## Action item
Would you output the listing exactly, with every image omitted?

## Information supplied
************

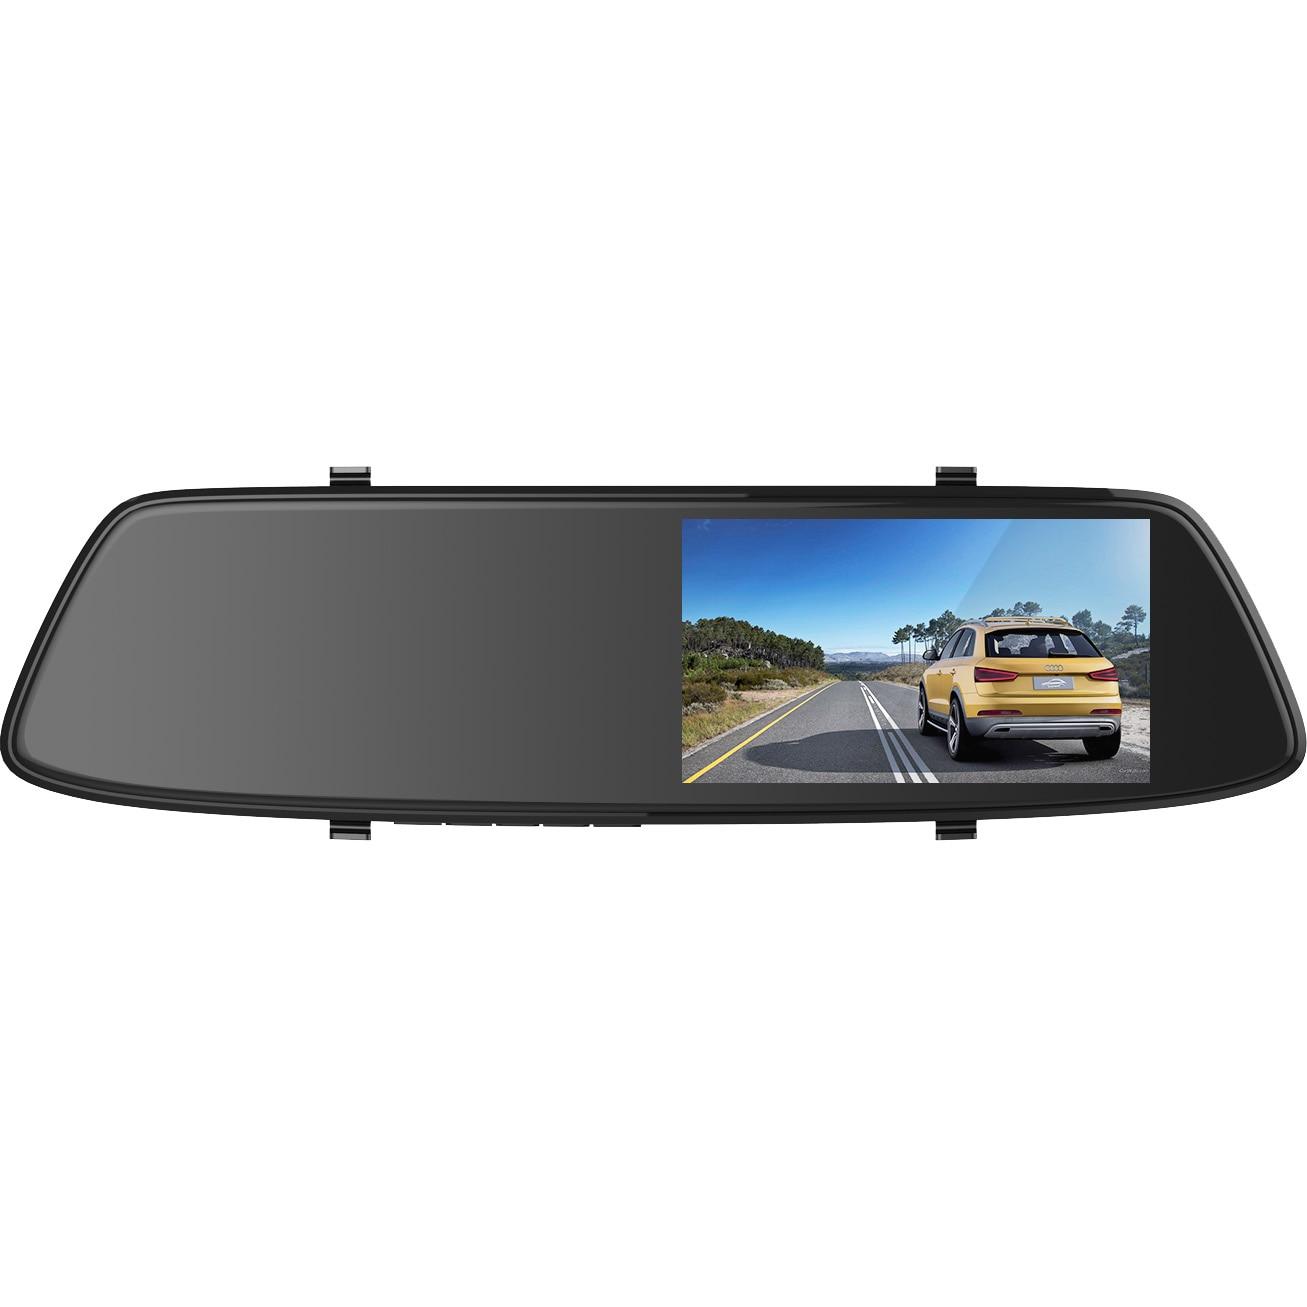 Fotografie Oglinda Auto DVR 2Drive, camera fata-spate FHD 1080p, 5'' display
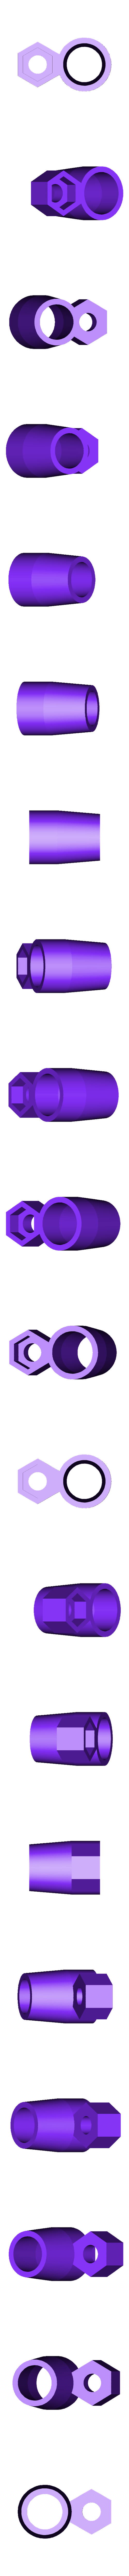 Case_holder_Pro1000.stl Download free STL file Pro1000 case holder replacement (.45 ACP single stack) • 3D print model, LionFox
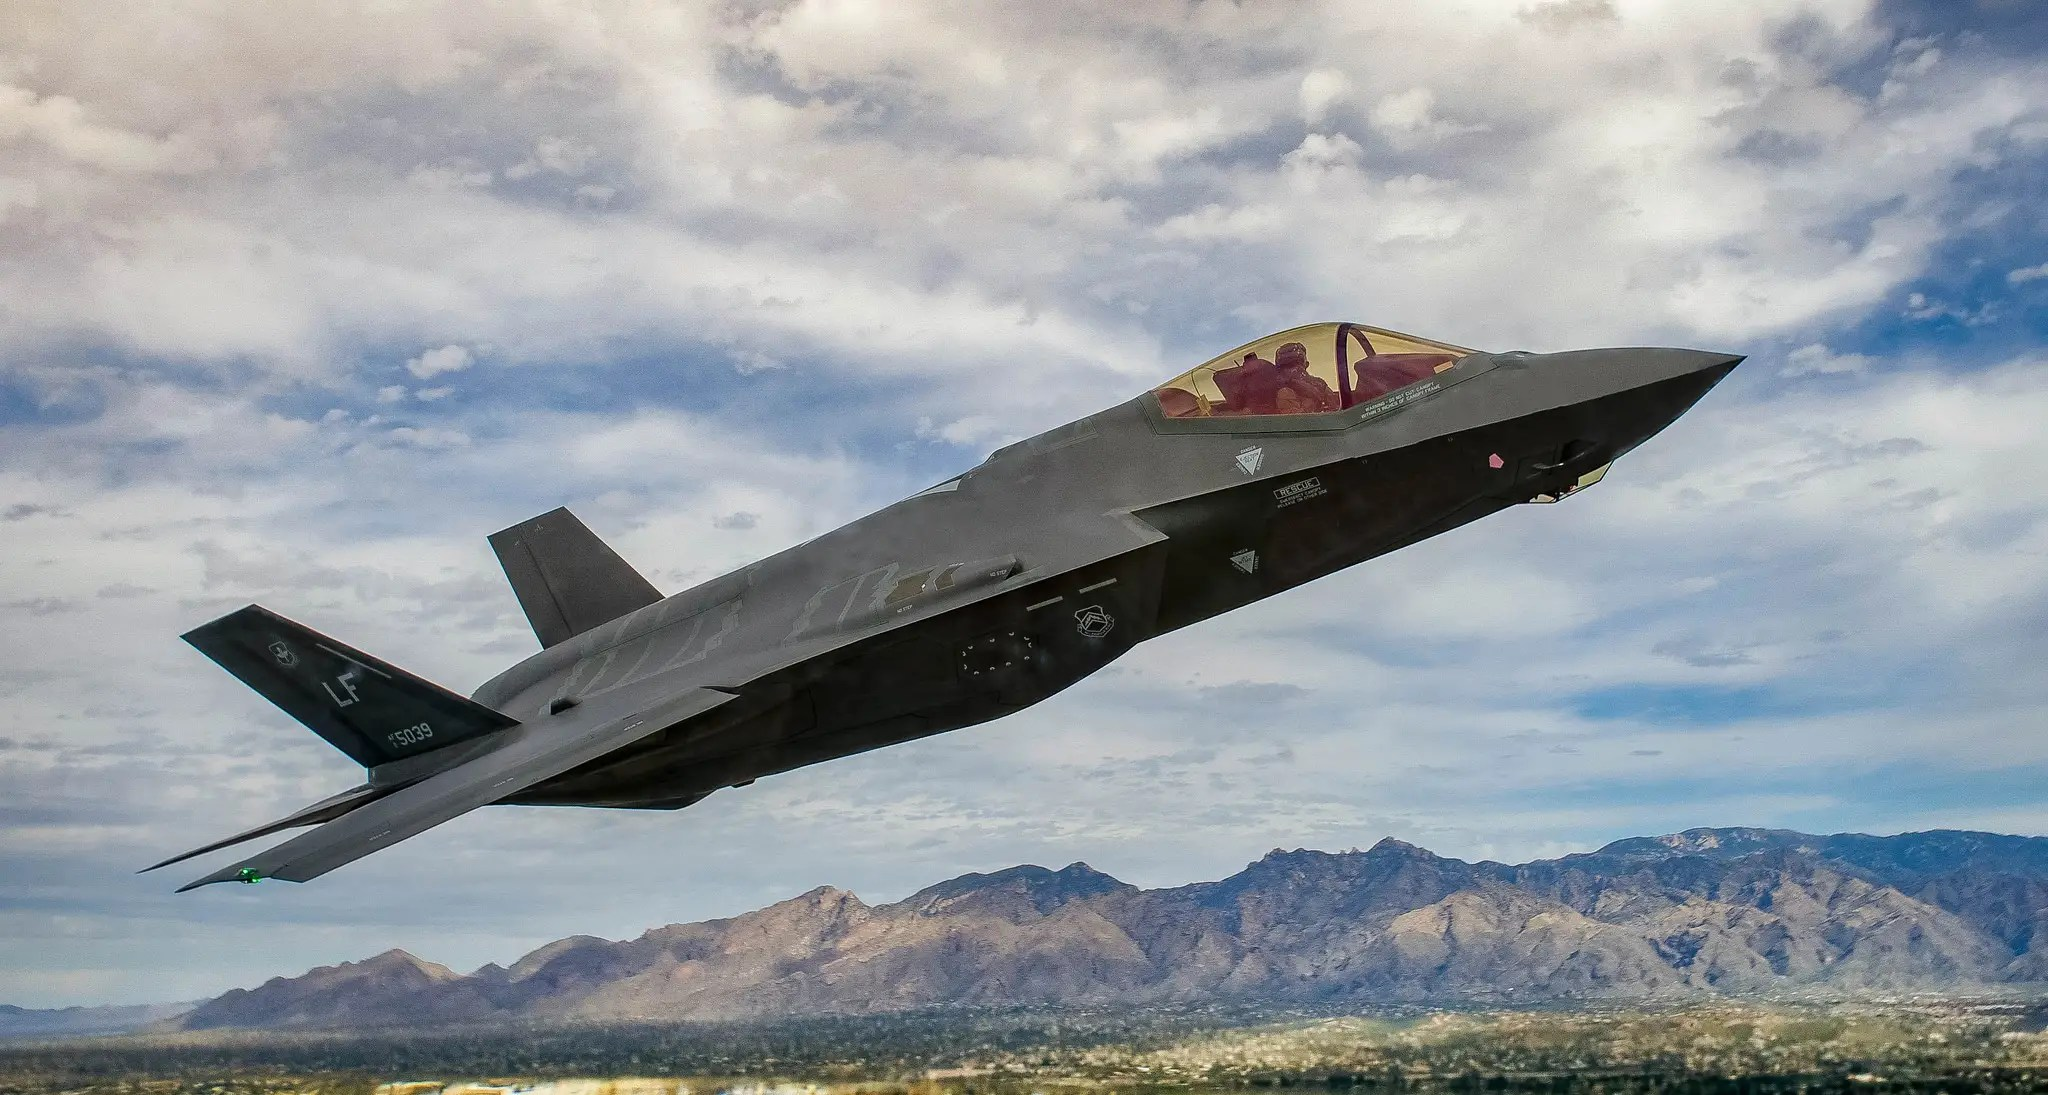 ... the F-35 Lightning II.

************

## Result
 Fotografie Oglinda Auto DVR 2Drive, camera fata-spate FHD 1080p, 5'' display
 Case_holder_Pro1000.stl Download free STL file Pro1000 case holder replacement (.45 ACP single stack) • 3D print model, LionFox
 ... the F-35 Lightning II.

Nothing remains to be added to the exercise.